Thoughts from Beyond the Pond- Buying Time
I bought a property for the first time in a very long time. Having rented in Bishops Waltham for two years, I decided that this was where I wanted to put down some roots.
This article is not a rant about estate agents or solicitors, all of whom have been most helpful, but in an age where spending money is as easy as a click on a computer and delivery is as easy as opening the front door. Buying somewhere to live is more complex, confusing and frightening.
The last time I felt this helpless, I was nine years old and given a brown paper carrier bag by my mother and told to go and buy sausages at the butcher.
I walked miles to get to the butcher, then had to wait for ages in a queue. Finally, when it was my turn, all I could remember was that my mother said six, so the butcher sold me six pounds of sausages. What my mother eventually did to the butcher and I is not for these pages, but it was loud, painful, and frightening for us. I had no idea what I was doing then, and I had no idea what I was doing when buying somewhere to live.
First, finding a home and realising that every place I thought would be perfect was always just out of my price bracket; the tension between need and want was genuine.

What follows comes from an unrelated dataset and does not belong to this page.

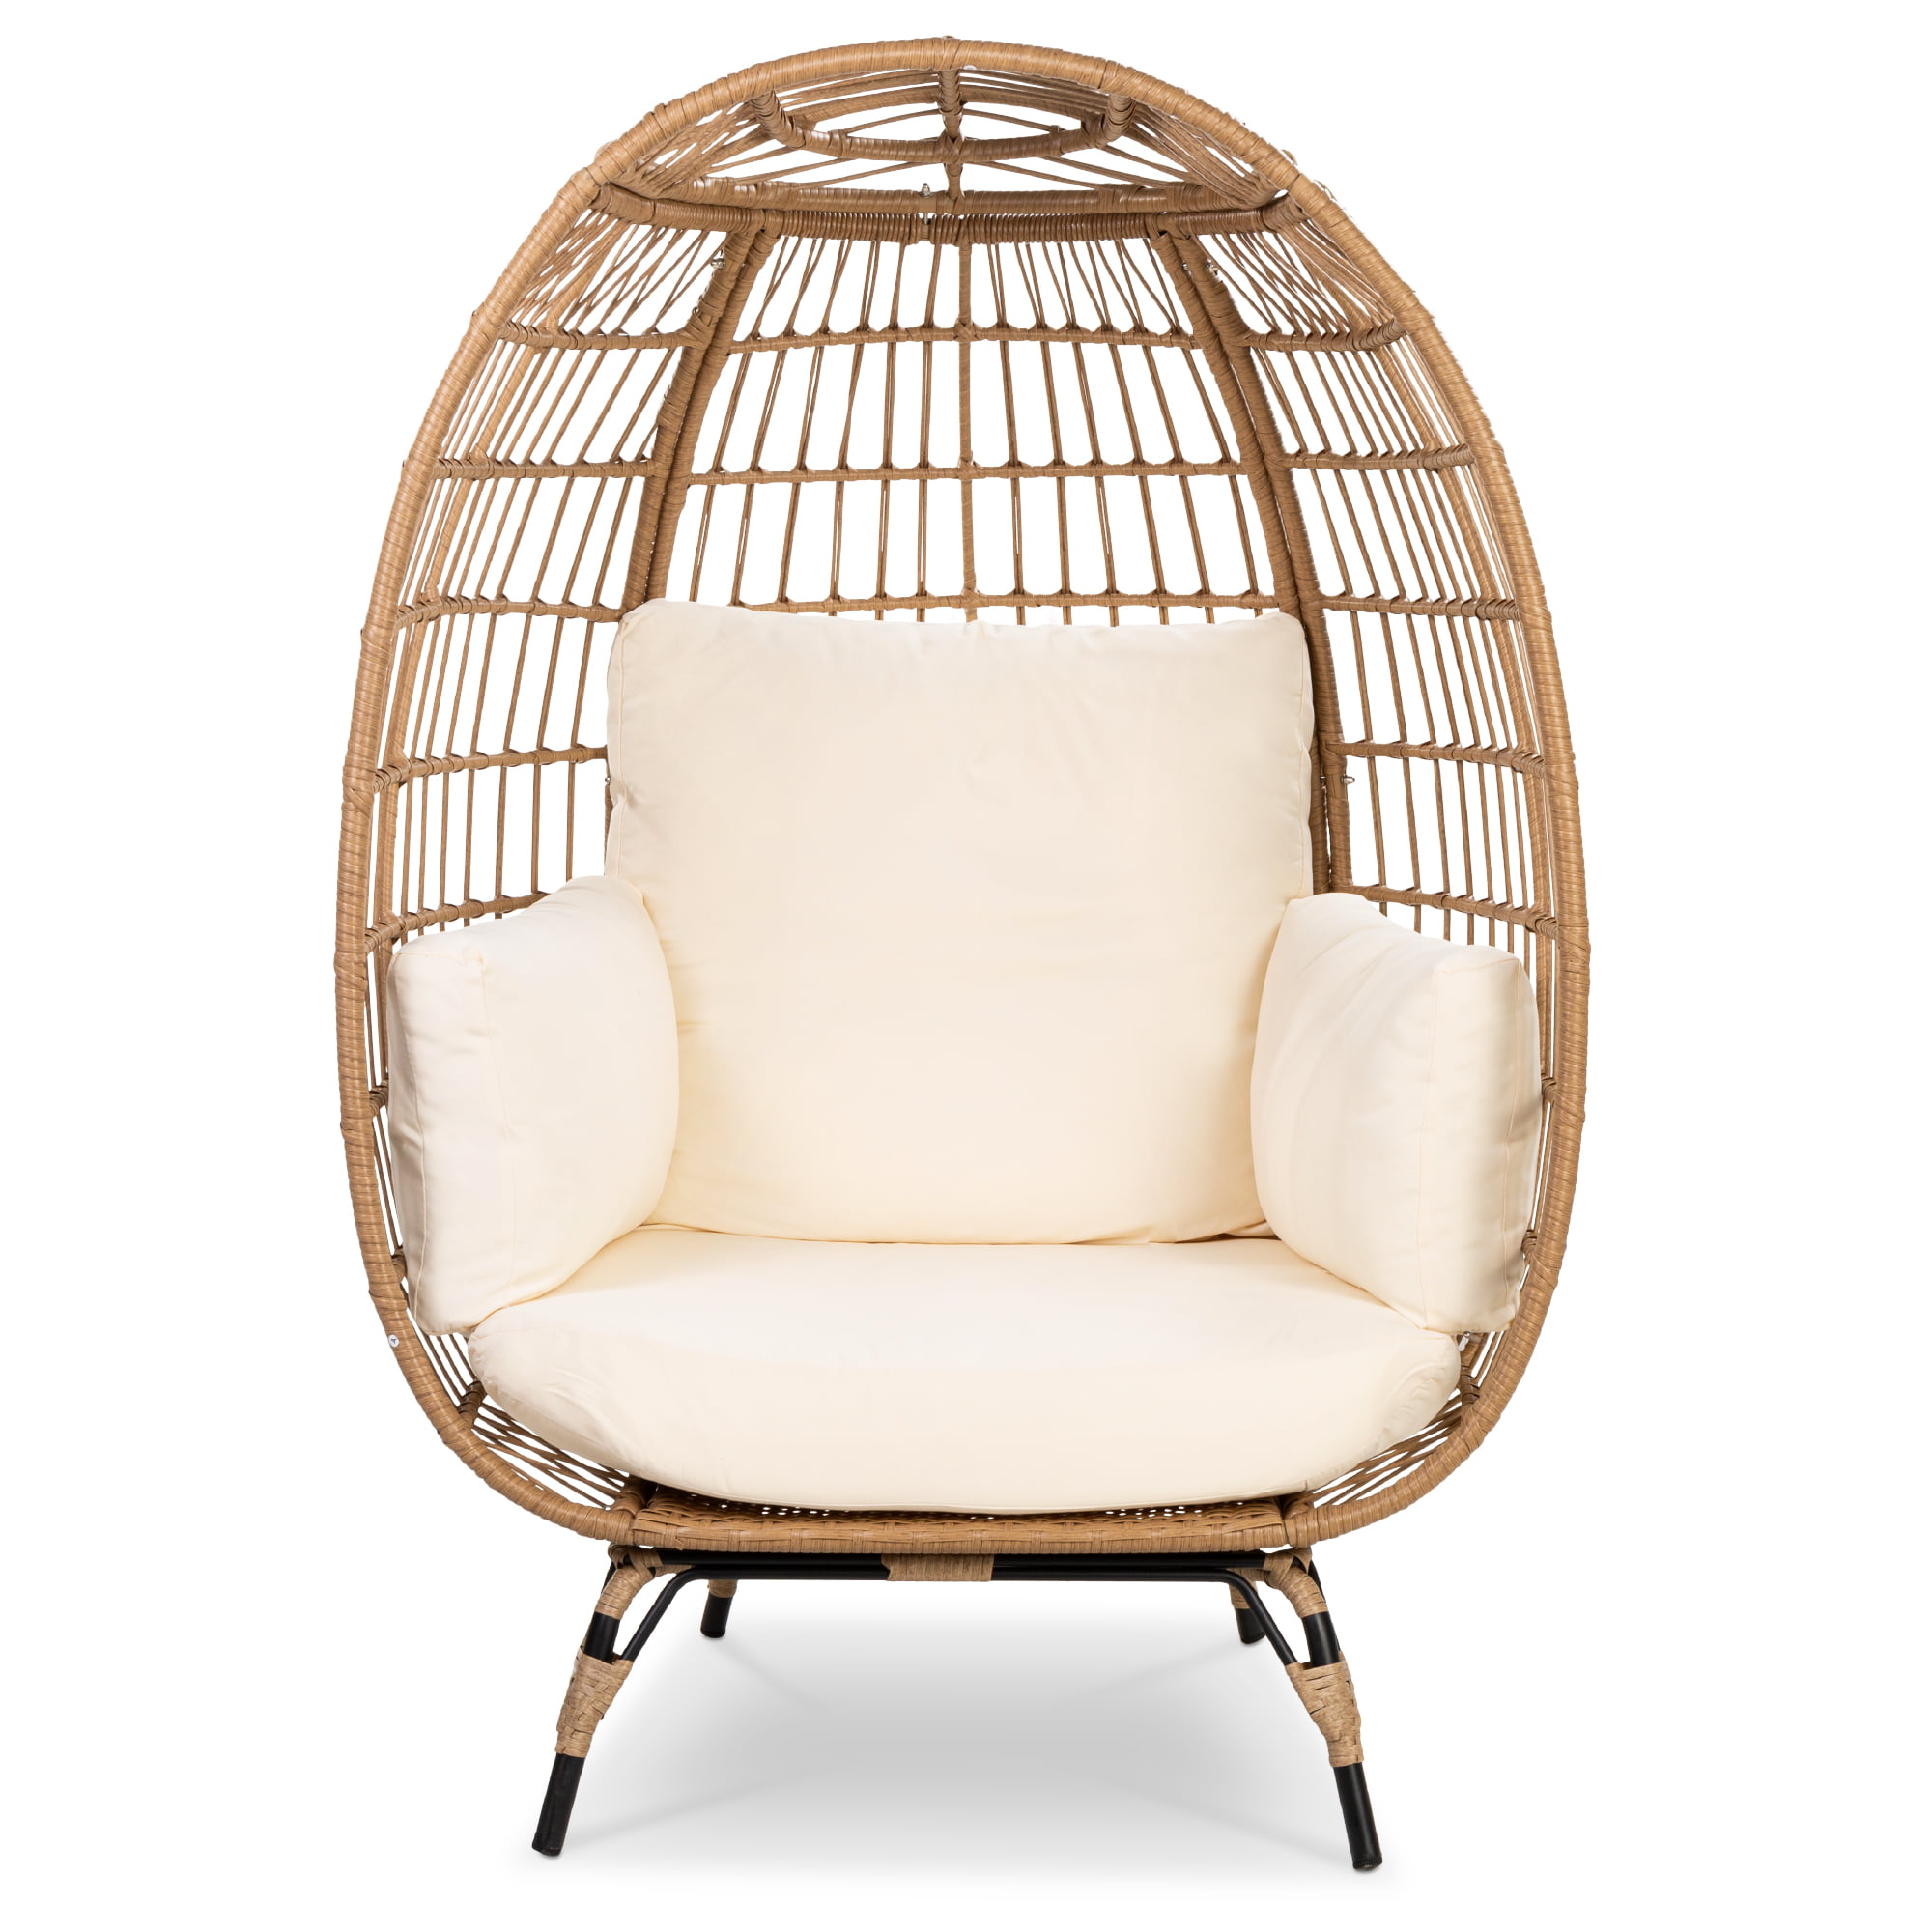 Best Choice Products Wicker Egg Chair Oversized Indoor Outdoor Patio Lounger W Steel Frame 440lb Capacity Ivory Walmart Com Walmart Com

Eventually, I found somewhere and made an offer which went back and forth until it was agreed, and then nothing! There was nothing for me to do but wait anxiously for months while all sorts of things were going on, but goodness knows what they were. I had to read documentation, but here my brain was only registering the start and the end while the mass in the middle it decided was irrelevant, so I ignored it.
The feeling of not being able to be part of the process was disturbing. When making a large purchase, you can read reviews, ask around and try it out before you part with money; even then, you can take it back and have a refund. Unfortunately, buying a home does not work like that.
My story may be somewhat simplistic, showing ignorance of sausages or a flat, but my purchases eventually worked out. Still, over the past year, I have heard so many stories of frustration and heartache from other buyers that it made me realise how lucky I have been.
For example, a couple I know were just about to exchange contracts when to vendor rang them asking for an increase in the purchase price. What made this worse was that they had already exchanged contracts about their place. It sounded little more than blackmail. They refused to bite and told the vendor they would not offer more, fearing they would be homeless. A courageous decision to take, as it turned out very lucky as a new purchase fell into place very quickly and they have been happily in that house for the last 30 years and raised a family.
Others I have heard about have yet to be so lucky; only recently, a couple tried to sell their flat three times, and each has been a failure. So frustrating and upsetting.
So, during my wanderings around the pond, my companions and I have decided that whether we are a seller or a buyer, be it something worth a few pounds or many thousands of pounds, we must not be like that nine-year-old. We must know what we are doing, be fair and compassionate, and understand what we are doing.